In this powerfully affecting novel -- by the author of The Pawnbroker -- Joe Berman, an immigrant at eighteen, fifty-nine now, and a hard-working Connecticut plumber, faces the loss of his deeply loved wife. The months that follow, months of wrath and rebellion during which he fights his way to a new idea of life, death, and God, are part of Berman's human season. But so are the years behind him, vividly evoked as the narrative travels back into the past.
Wallant began to write professionally at age twenty nine. He had served in the Second World War as a gunner's mate. He attended the University of Connecticut and graduated from Pratt Institute and studied writing at The New School in New York. While he worked as an advertising art director, Wallant wrote at night.
Humanist fiction at its finest. In a mere 190 pages, the brilliant Edward Lewis Wallant pens this bittersweet novel about the pervasive emotions of loss, faith, age, and loneliness. It's so refreshing to read a novel that may be seen as a 'lament' and not quite a story, and scenes that forego the hook and pitch - the drama - for the raw human emotion, and how it exists in solitude alone, and how it withers in solitude around family and friends. Simplicity and heartfelt, melodramatic without being purple and preachy. Damn, going through my own loneliness, this novel stung the nerves in an endearing, sad way.

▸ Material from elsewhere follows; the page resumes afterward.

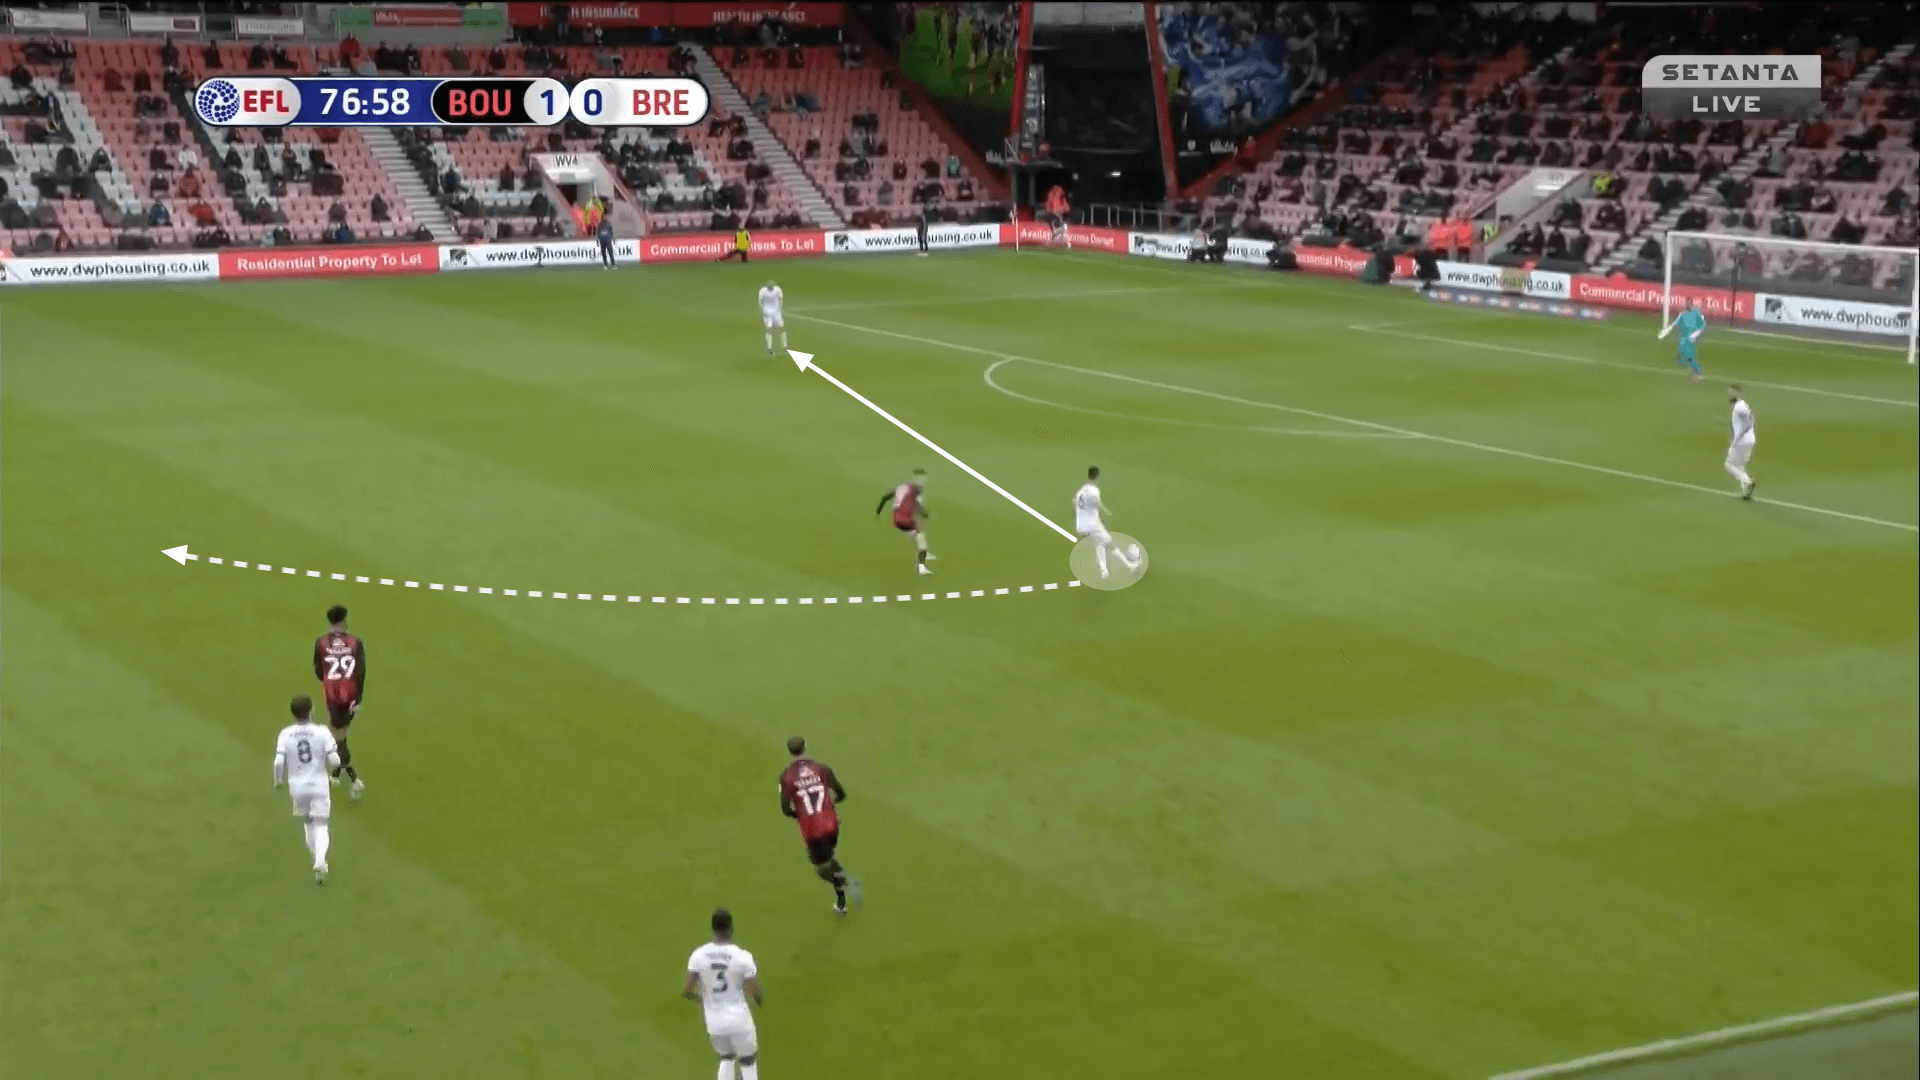 EFL Championship 2020/21: Playoff semi-final 2nd legs - tactical analysis tactics

Rather bummed to say I've already read 3 of the 4 novels Wallant wrote before his death in his mid-thirties. I'll savor his last one, slowly. With 'The Pawnbroker' and 'Tenants of Moonbloom', I'd say he's one of the most underrated American novelists.
This small novel should be on college reading lists; it is so suited to discussion and reflection. It deals with loss of old concepts of religion, but mostly it is a very moving story of a man as a child in 1907 Russia, then in 1957 New York. Apparently Edward Lewis Wallant didn't live to write many other novels, which is a sad loss. It is rare to read a novel that is subtly uplifting. I loved this little book. Plus it can be read in 2 days.

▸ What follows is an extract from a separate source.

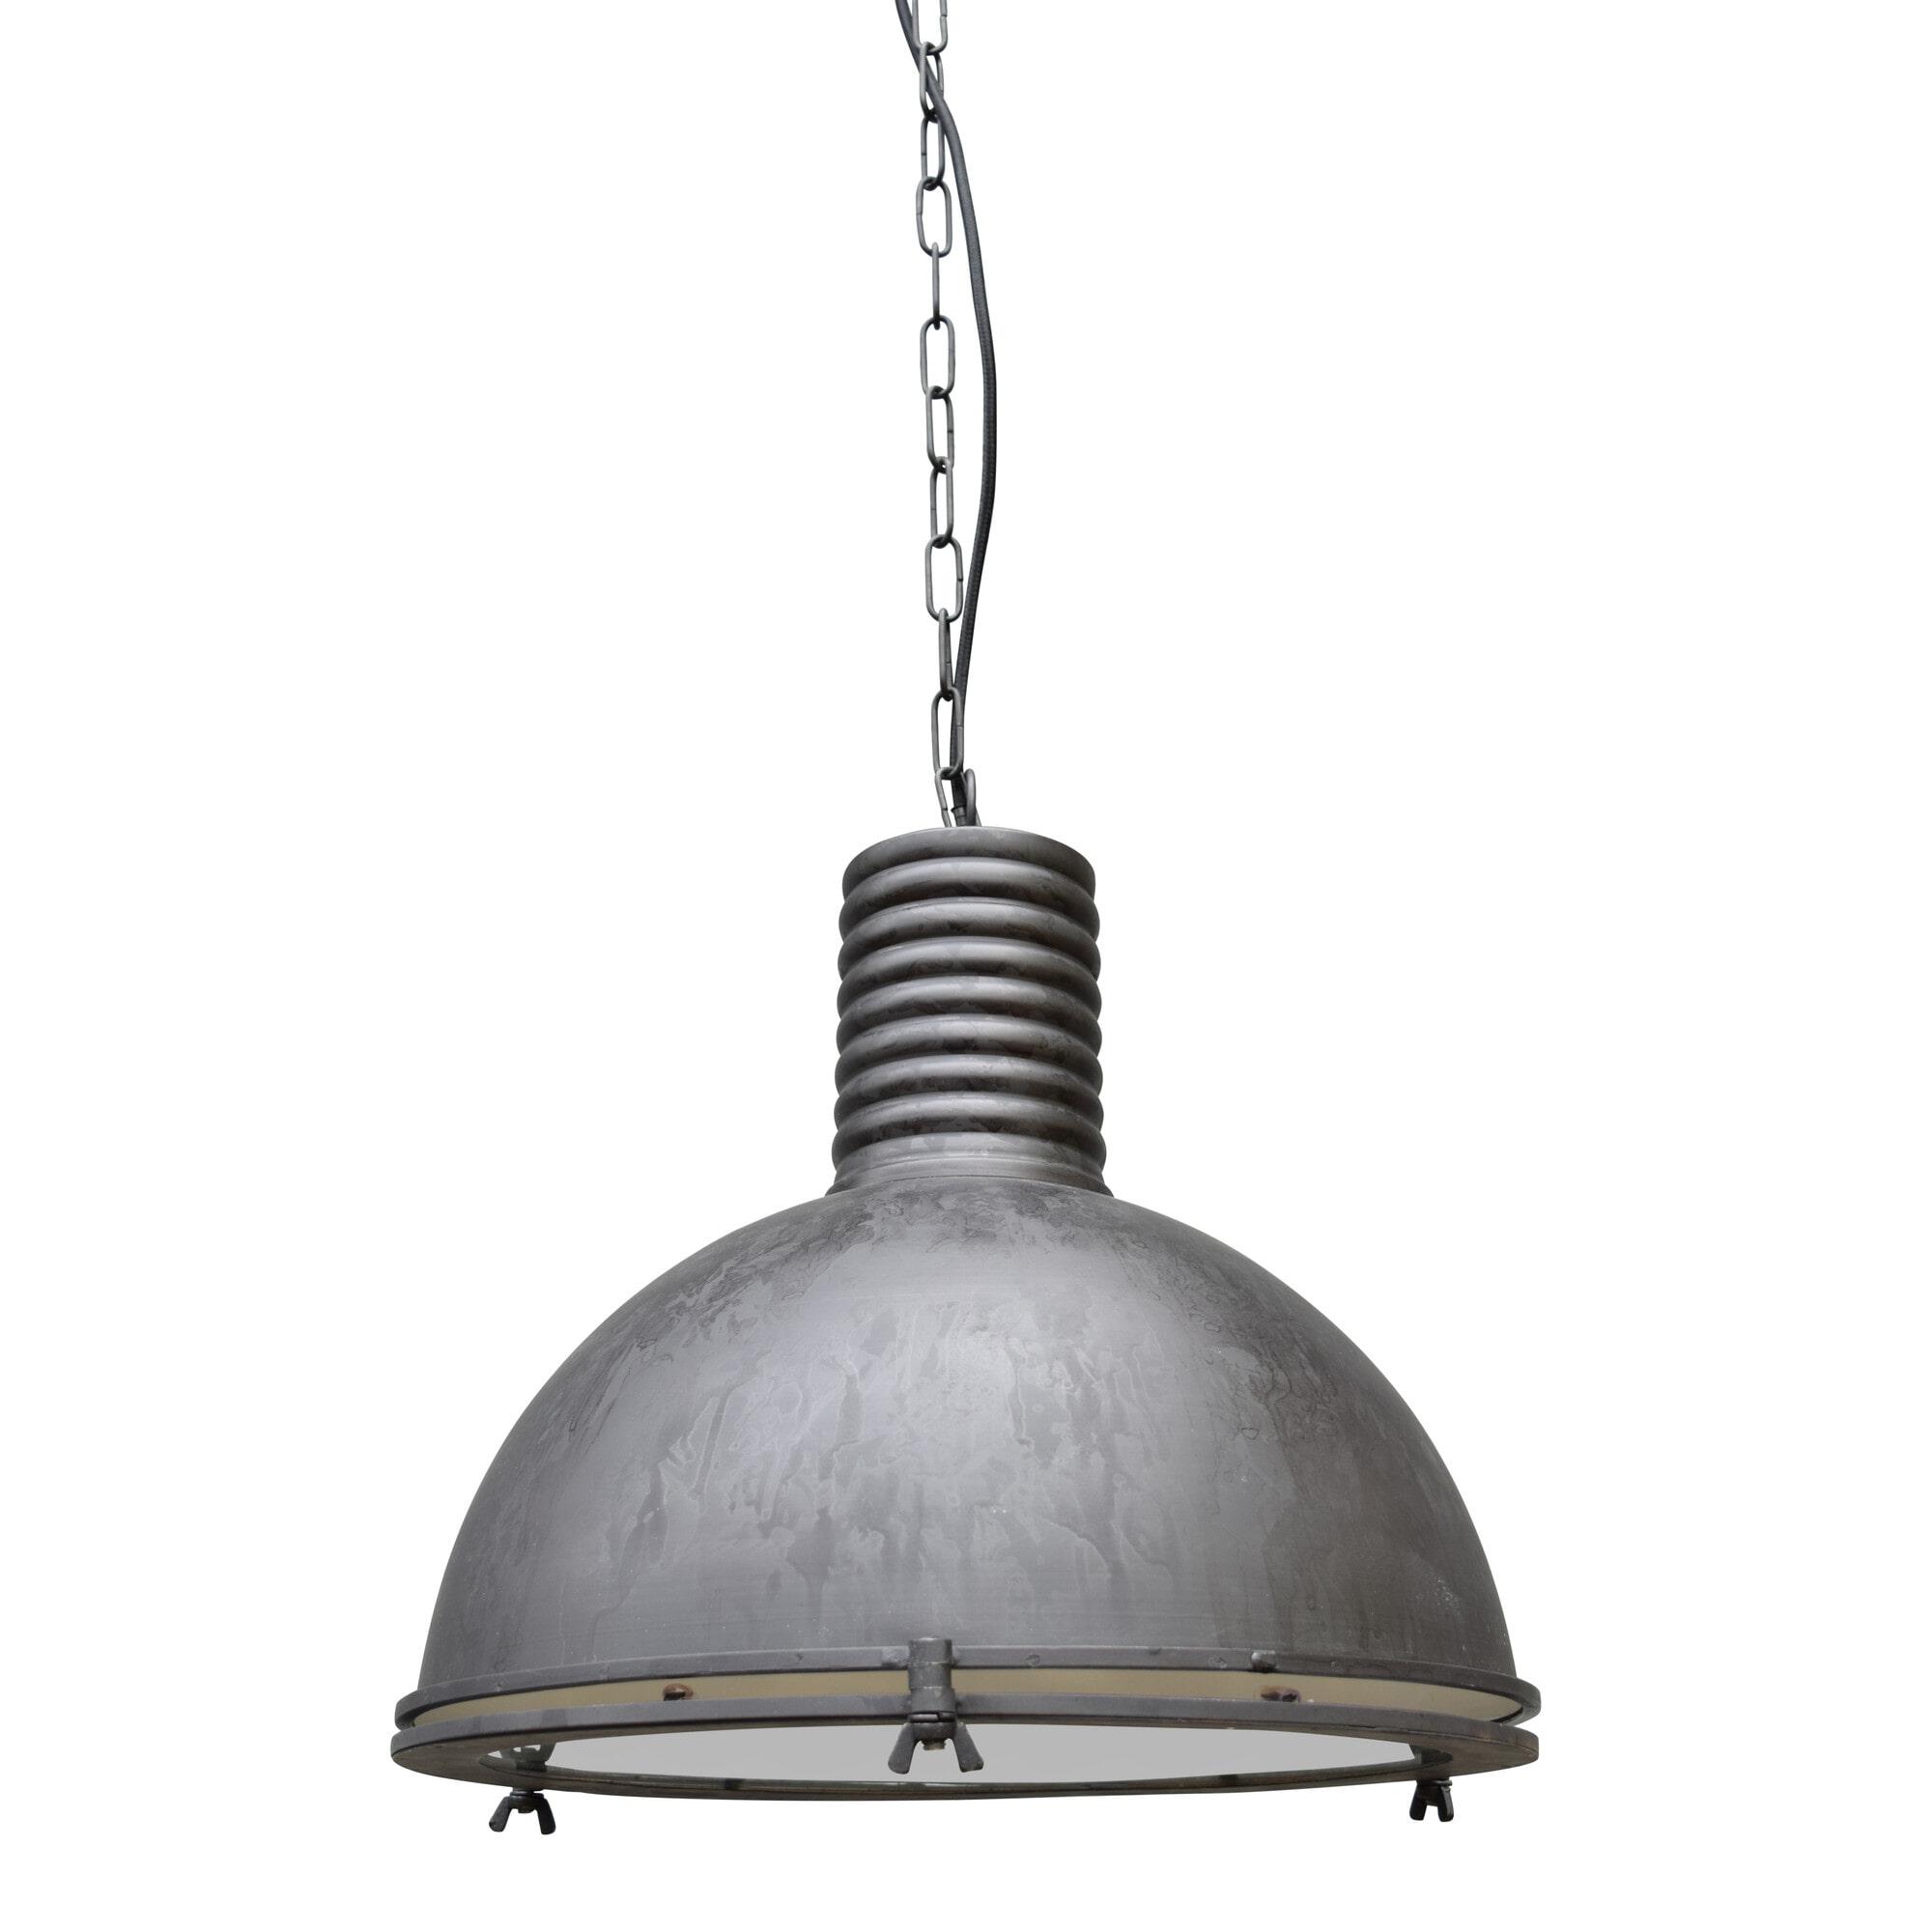 Urban Interiors hanglamp 'Vintage' Ø40cm, kleur Rough Black

This is a character study of an elderly Jewish man, a plumber by trade, who has recently lost his wife and finds himself in the deepest mourning, a feeling the depth of which surprises even him. To his credit, he makes no effort to "deal with it." Instead, to the despair of both his business partner and his daughter, he allows it to runs its painful but natural course. The book is touching and in places comic, others tragic (at its own level). A "study" is how I began this review, and that is really all that it is, by which I mean it no disrespect, but merely to warn that the plot may be too subtle for readers looking for a story to keep the pages turning. One wishes the author had lived longer. He died in his 30s, I believe.